Assuming you're all adults, go for it. If your ex is incapable of behaving like an adult, that's his problem.

The idea that New Guy needs to have a conversation with Ex is kinda skeevy to me. You're not "off limits" because you used to date someone else. Who someone is dating is the business of the people inside that relationship, not anybody else's. That said, if New Guy is the sort to be weird about telling Ex, you're probably best off knowing that ahead of time. Do you really want to date someone who cares more about what his friends think than what you or he himself thinks?

Speaking for myself, I wouldn't think twice about Ex in this situation, because he's not a part of the relationship.
posted by Solomon at 10:23 AM on September 30, 2014 [1 favorite]


Response by poster: It is a friend, but not a terribly close friend. Definitely more of an "activity partner/in my social circle" type relationship.

And, yes, of course I'd expect anyone I date to come out to support the things I do!

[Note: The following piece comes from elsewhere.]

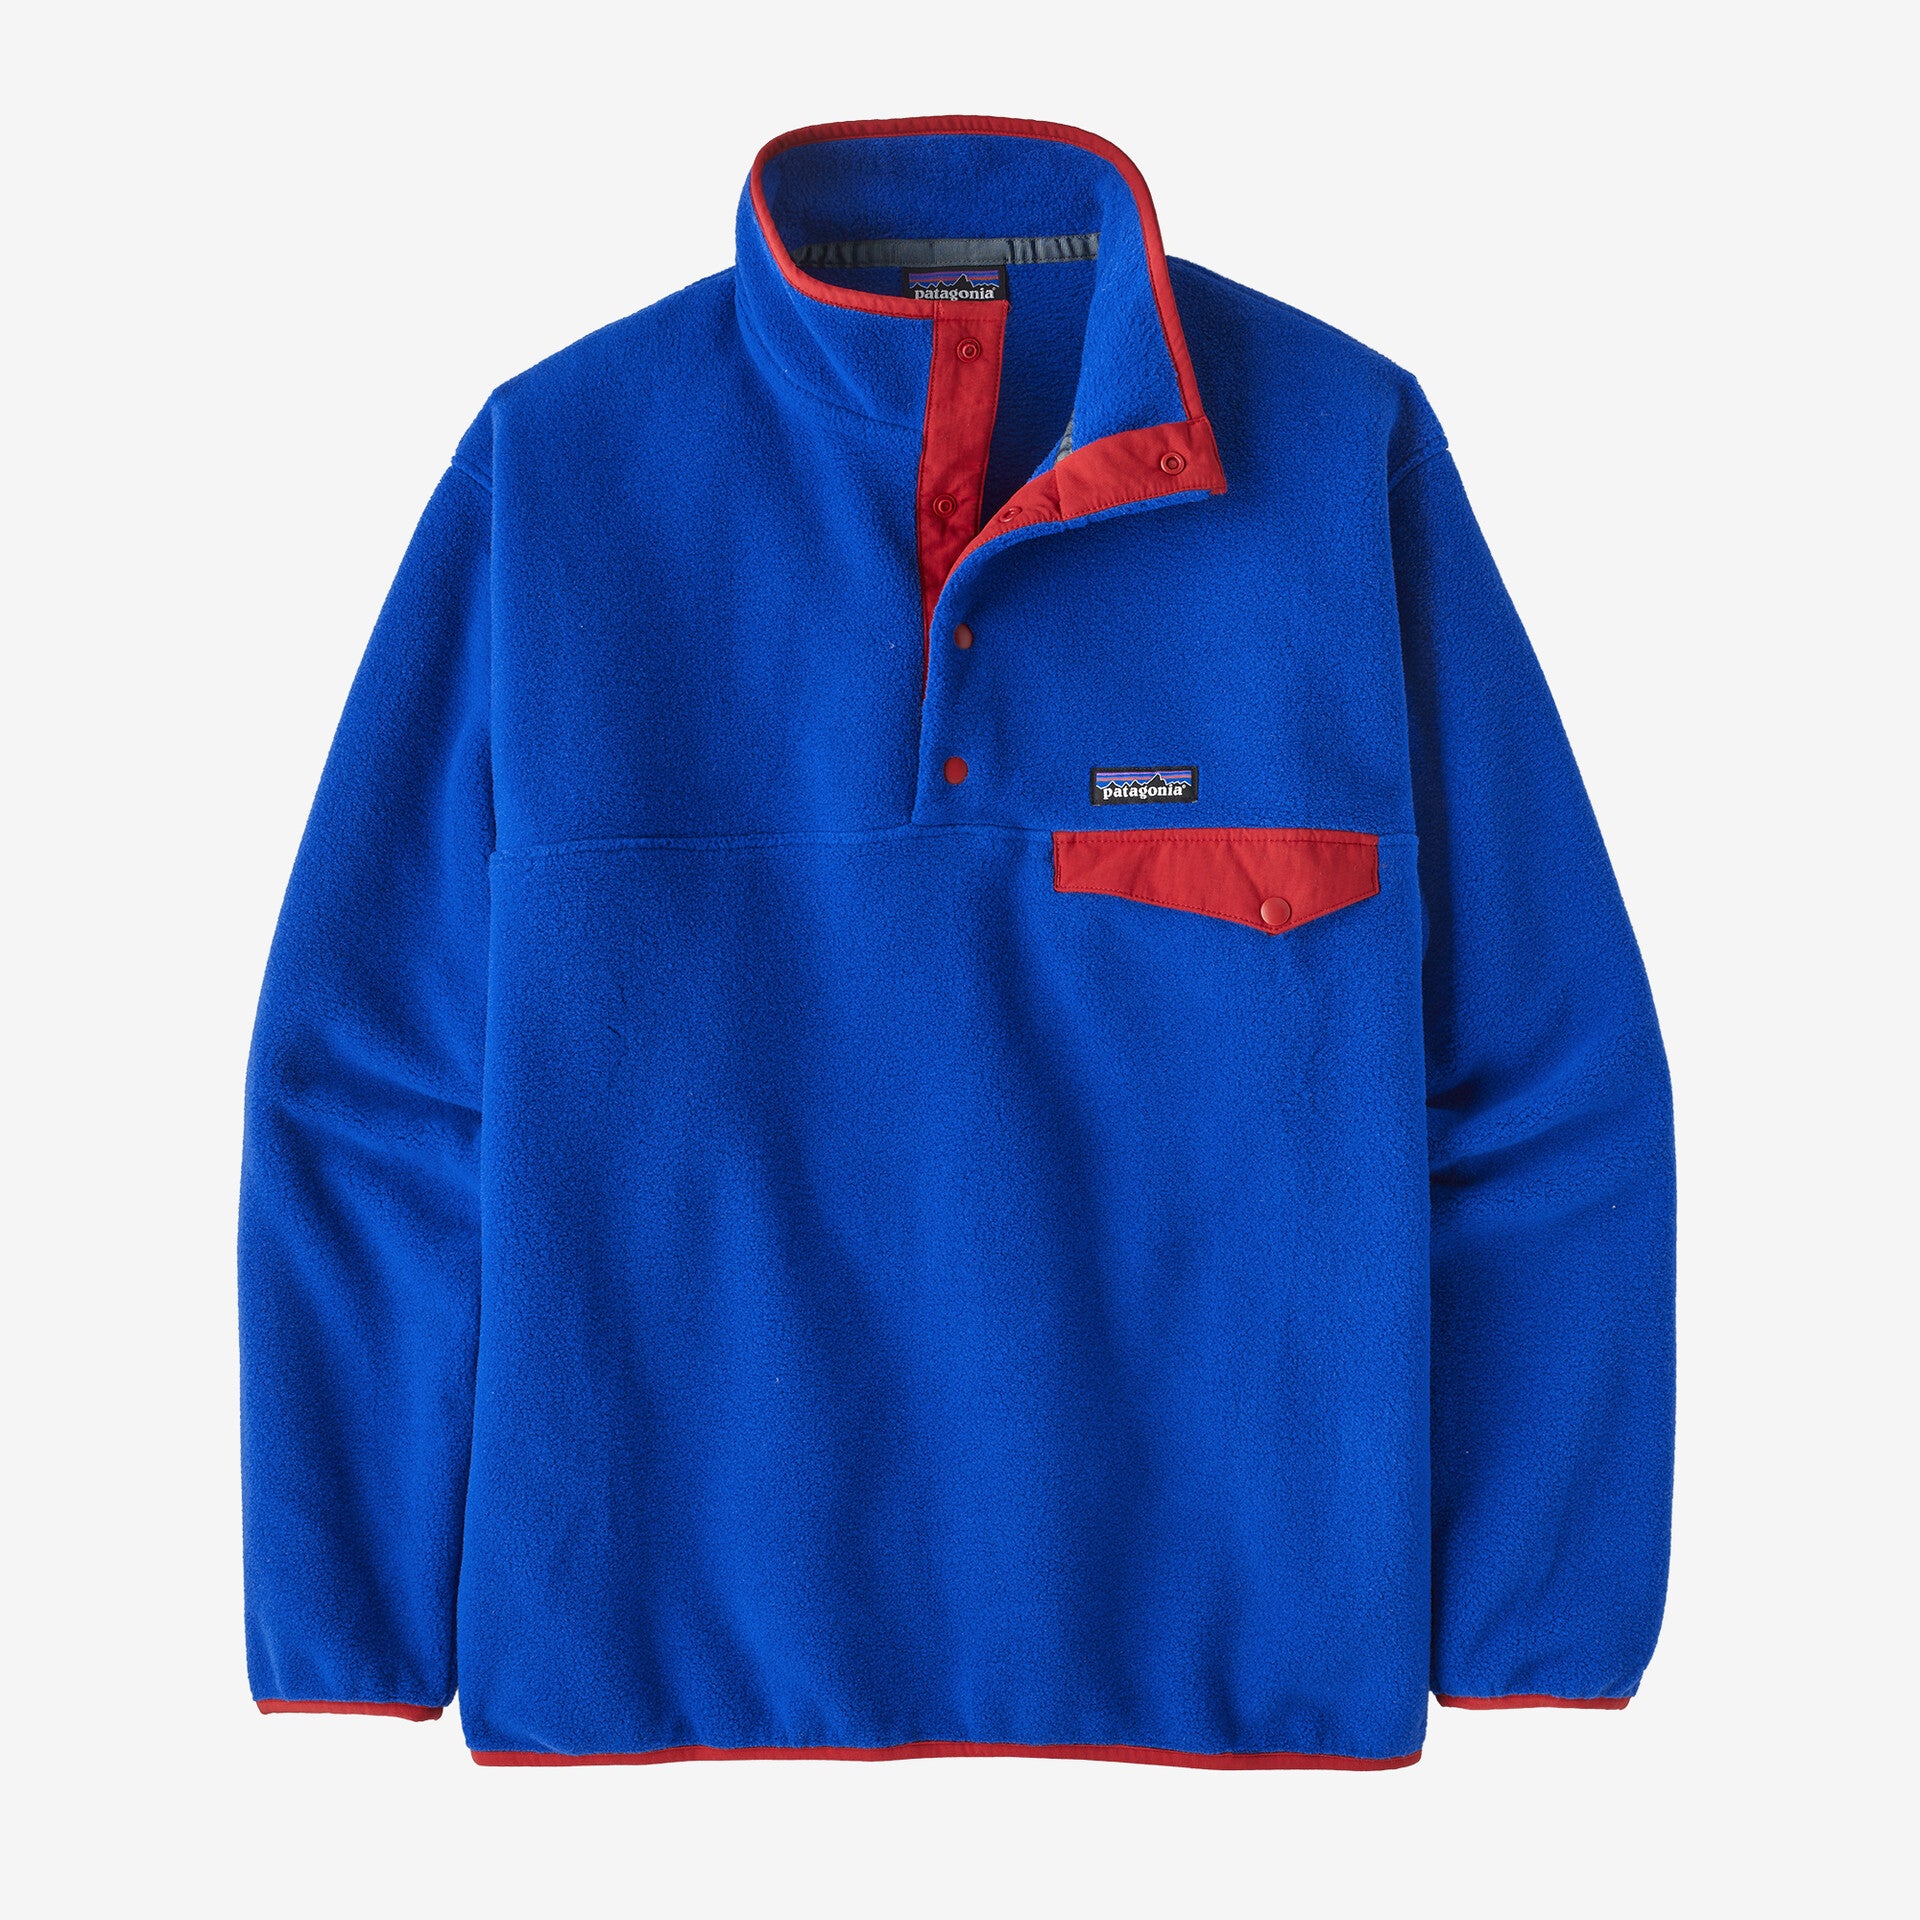 Patagonia Synchilla Snap-T Pullover - Passage Blue - XL - Men

But since my question isn't about my own hobbies, but about this one particular social circle and my role within it, I asked about the stuff I'm actually concerned about. Which is, does this make me some kind of weird groupie. And, yes, of course all my Supportive Girlfriend Tiemz are related to enjoying the activity in question (though I did back off this particular scene a lot after the ex and I broke up).

The "groupie/town bike" thing is definitely internalized misogyny, though. Blerg.

Anyway, the consensus seems to be go for it, so ugh, dammit, now I have to Ask Someone Out, which is terrifying.
posted by Sara C. at 10:49 AM on September 30, 2014 [4 favorites]


"...now I have to Ask Someone Out, which is terrifying."

Yes scary - but you choose. I hope it works out, if not, then try again.